With that in mind, we hold that the trial court needed to look beyond the order of filiation to determine plaintiff's actual domicile, as the order of filiation was not dispositive. To do so, the trial court should have reverted to the traditional multifactored analyses from Workman v. Detroit Auto Inter-Ins. Exch. , 404 Mich. 477, 274 N.W.2d 373 (1979), and Dairyland Ins. Co. v. Auto-Owners Ins. Co. , 123 Mich.App. 675, 333 N.W.2d 322 (1983), to determine plaintiff's domicile. See Grange , 494 Mich. at 498 n. 41, 835 N.W.2d 363 ("The Workman - Dairyland multifactored framework comprises the one now commonly employed by Michigan courts when a question of fact exists as to where a person is domiciled.").
Here, there was a substantial amount of testimony to suggest that plaintiff's father had always operated as plaintiff's primary custodian and that both parents intended to continue that arrangement before and after the automobile accident. Rather than stand in the position of the finder of fact, we think it more appropriate that the trial court be afforded an opportunity to weigh the above evidence.

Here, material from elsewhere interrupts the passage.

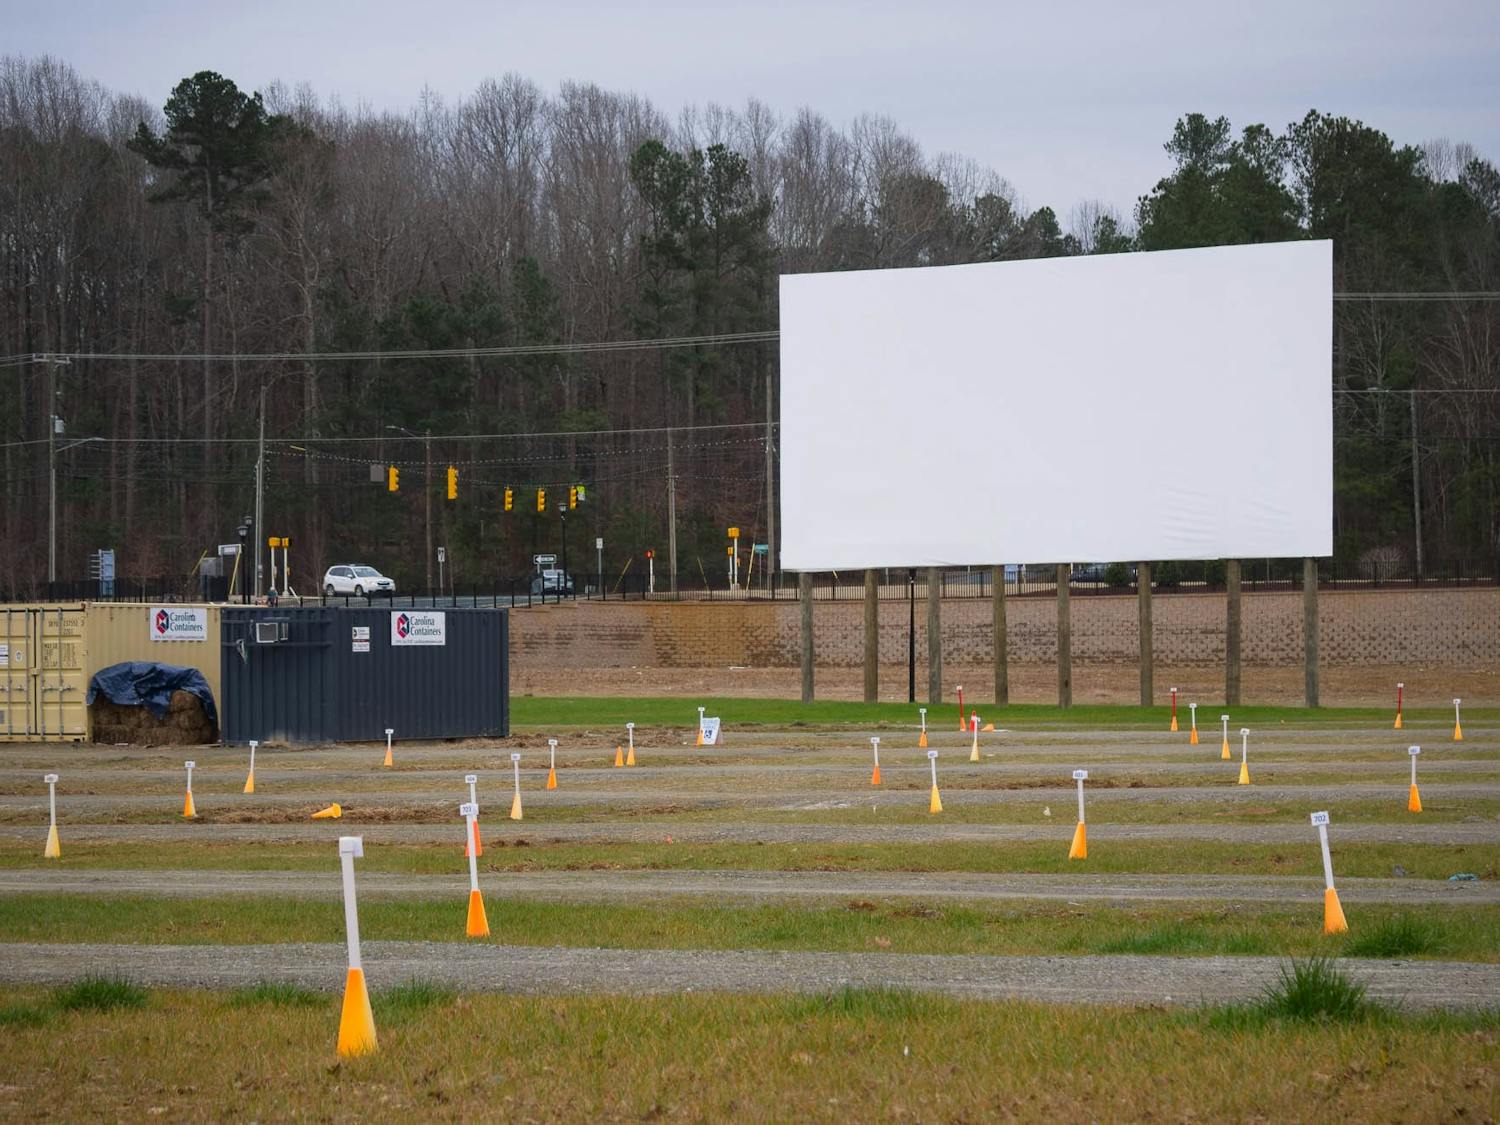 The large screen overlooks parking spots at The Drive-In at Carraway Village on Wednesday, Feb. 10, 2021. The Drive-In features classic movies and special series from Film Fest 919.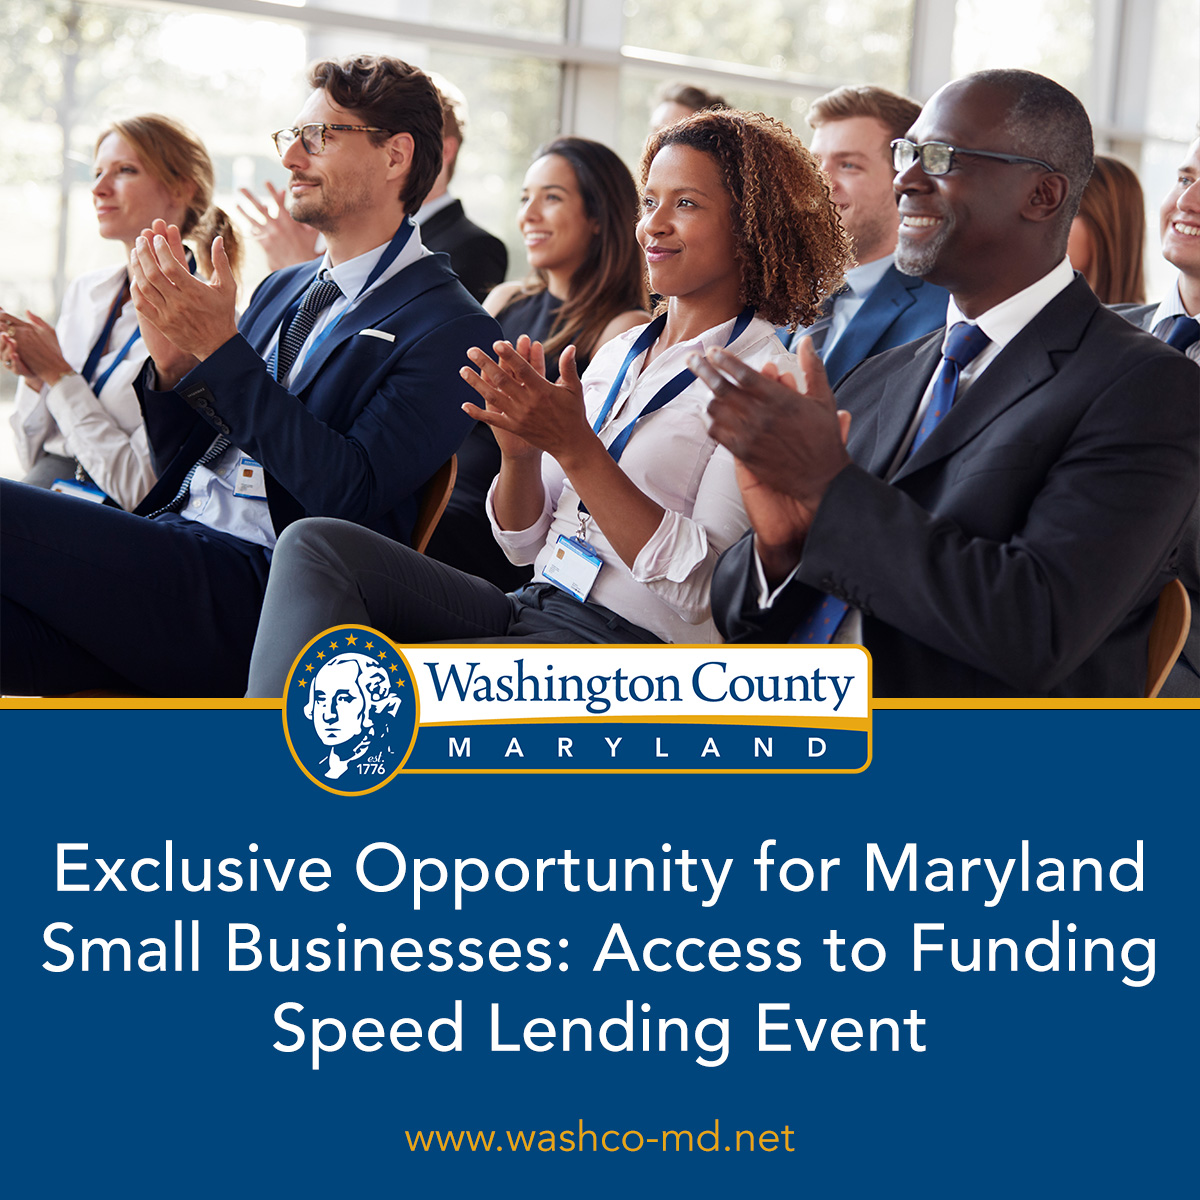 Unique Chance for Small Businesses in Maryland: Fast-track Funding Access Event

See Grange , 494 Mich. at 490, 835 N.W.2d 363 (noting that the issue of domicile is ordinarily a question of fact). Suffice it to say, however, in light of the fact that the order of filiation did not conclusively determine plaintiff's domicile, the trial court erred in not weighing the additional relevant evidence when it made its initial domicile determination.
Reversed and remanded for the trial court to reassess its determination regarding plaintiff's domicile. We do not retain jurisdiction.
Gadola, P.J., and Markey and Murray, JJ., concurred.